I use smashbox photo finish, not sure if you've tried it or not but it's a HG for a lot of people!


----------



## andrrea (Jun 12, 2008)

My recs:

Smashbox Photo Finish

Philosophy's The Present

Cargo's Blu-Ray Mattifier


----------



## reesesilverstar (Jun 12, 2008)

Cool rec's. Is the Mary Kay any good?


----------



## juicejuiceox (Jun 12, 2008)

put some fresh lemon on your face before, this gets rid of spots as well as oil. This should dry it off a bit. Wipe it off with tissue. The body shop has good blotting tissue btw.


----------



## kyuubified (Jun 16, 2008)

I like Benefit Dr. Feelgood. It doesn't make my skin ridiculously matte, but just enough, plus it doesn't dry out my skin. The only con is that I know some people hate the smell and have had not so great reactions to it. However, it worked out great for me, so I guess it depends on how sensitive your skin is.


----------



## Smokey Eye (May 9, 2010)

OK, well since I last posted, I've tried the following (below) &amp; I like them, but I'm constantly on the lookout for better ones.

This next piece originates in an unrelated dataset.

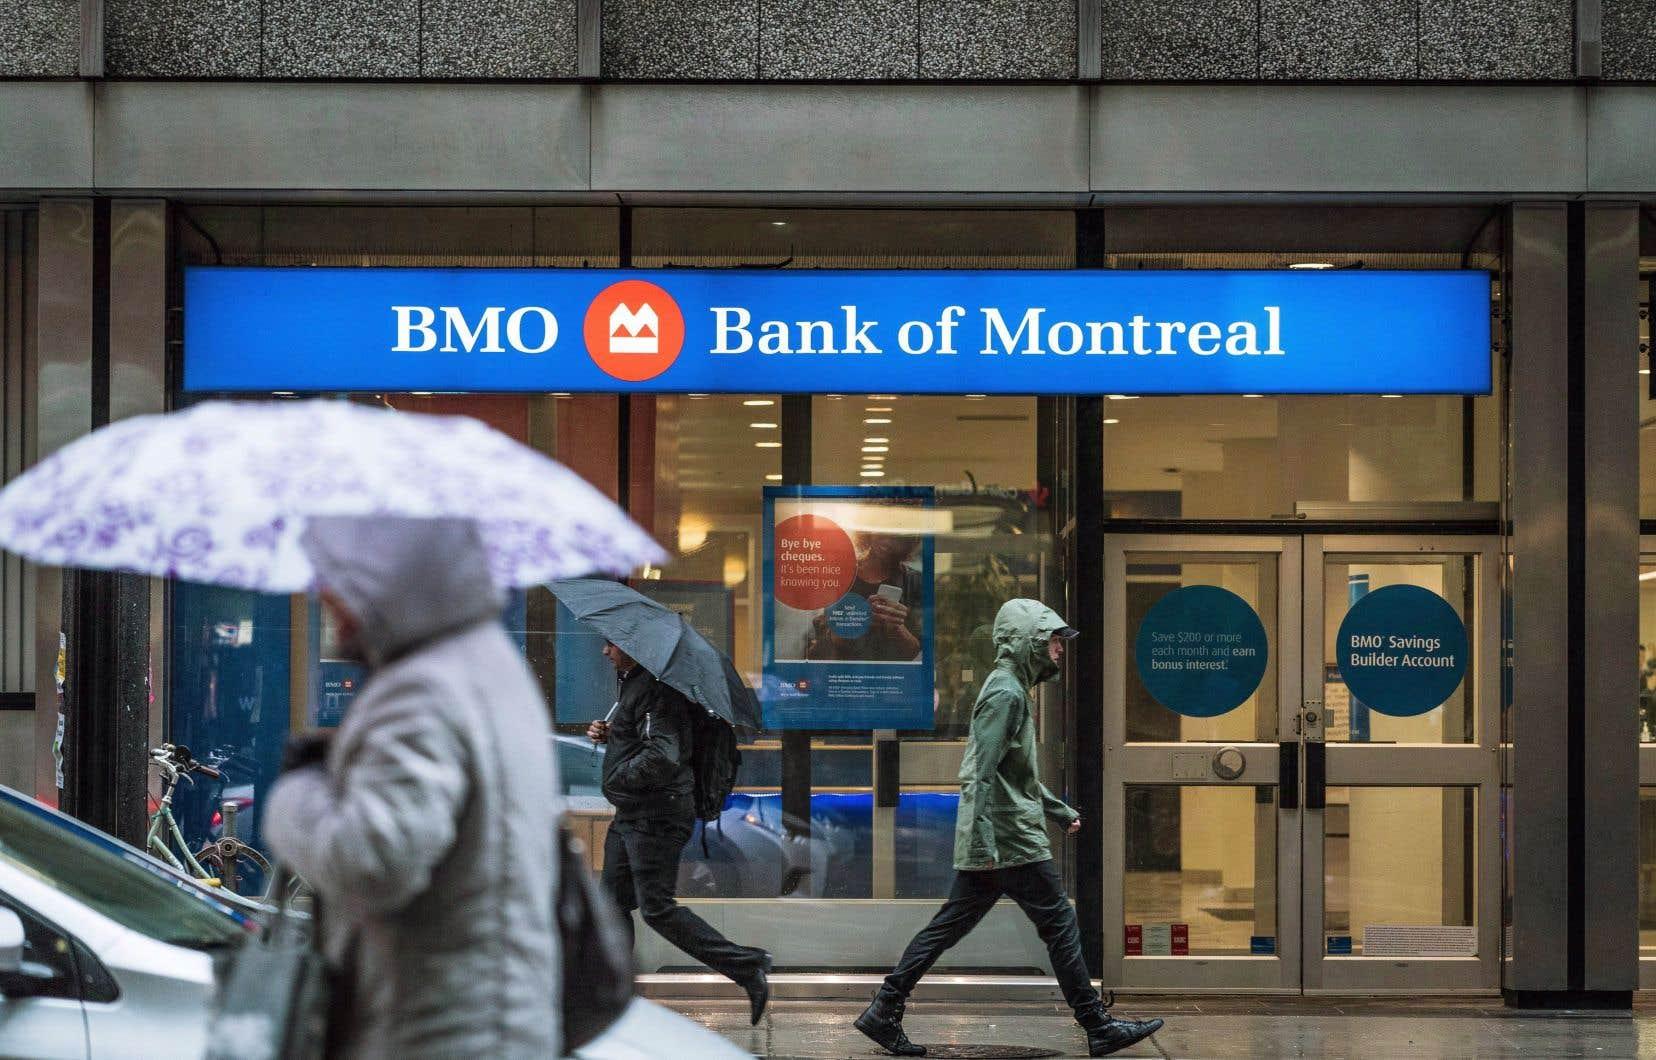 La Banque de Montréal a annoncé, à la fin du mois de mai, que des fraudeurs auraient mis la main sur les données personnelles de certains de ses clients.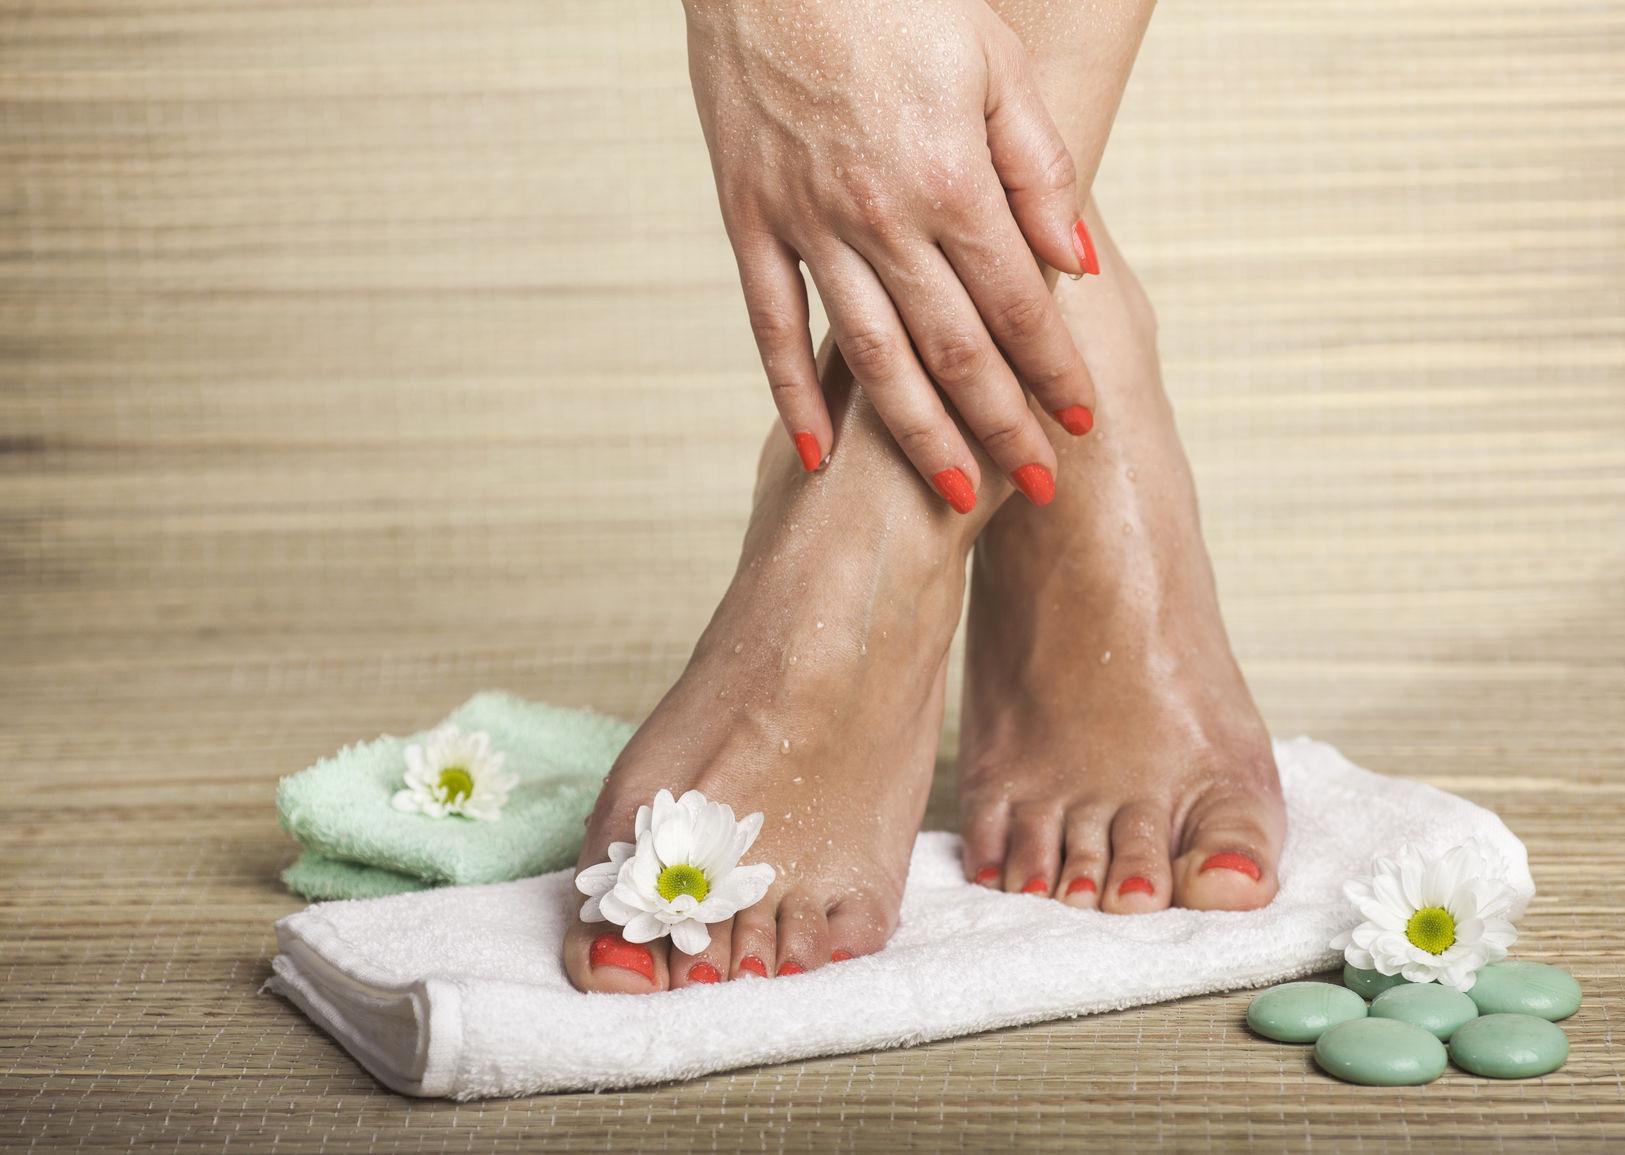 Crucearosies1 deget tratarea artritei în durere extensivă a genunchiului ligamentului

Laura Geller's Welcome Matte Skin Enhancer

Smashbox Anti-Shine

Any more new discoveries guys?


----------



## magosienne (May 9, 2010)

Makeup Forever's All Mat primer, and rice powder to set.


----------



## Smokey Eye (May 21, 2010)

I just got samples at Sephora for 2 others that look good:

- Cosmedicine Medi-Matte Oil Ctrl Lotion

- Murad Oil Ctrl Mattifier

But, someone on this board recently recommended Milk of Magnesia, which I tried right away &amp; it's working TREMENDOUSLY WELL &amp; it's cheap!


----------



## MakeupGirlie (May 23, 2010)

I second the Dr Feelgood suggestion. It works absolute wonders for me and I never go out without it. Plus, the smell has grown on me, i quite like it -fresh and nice


----------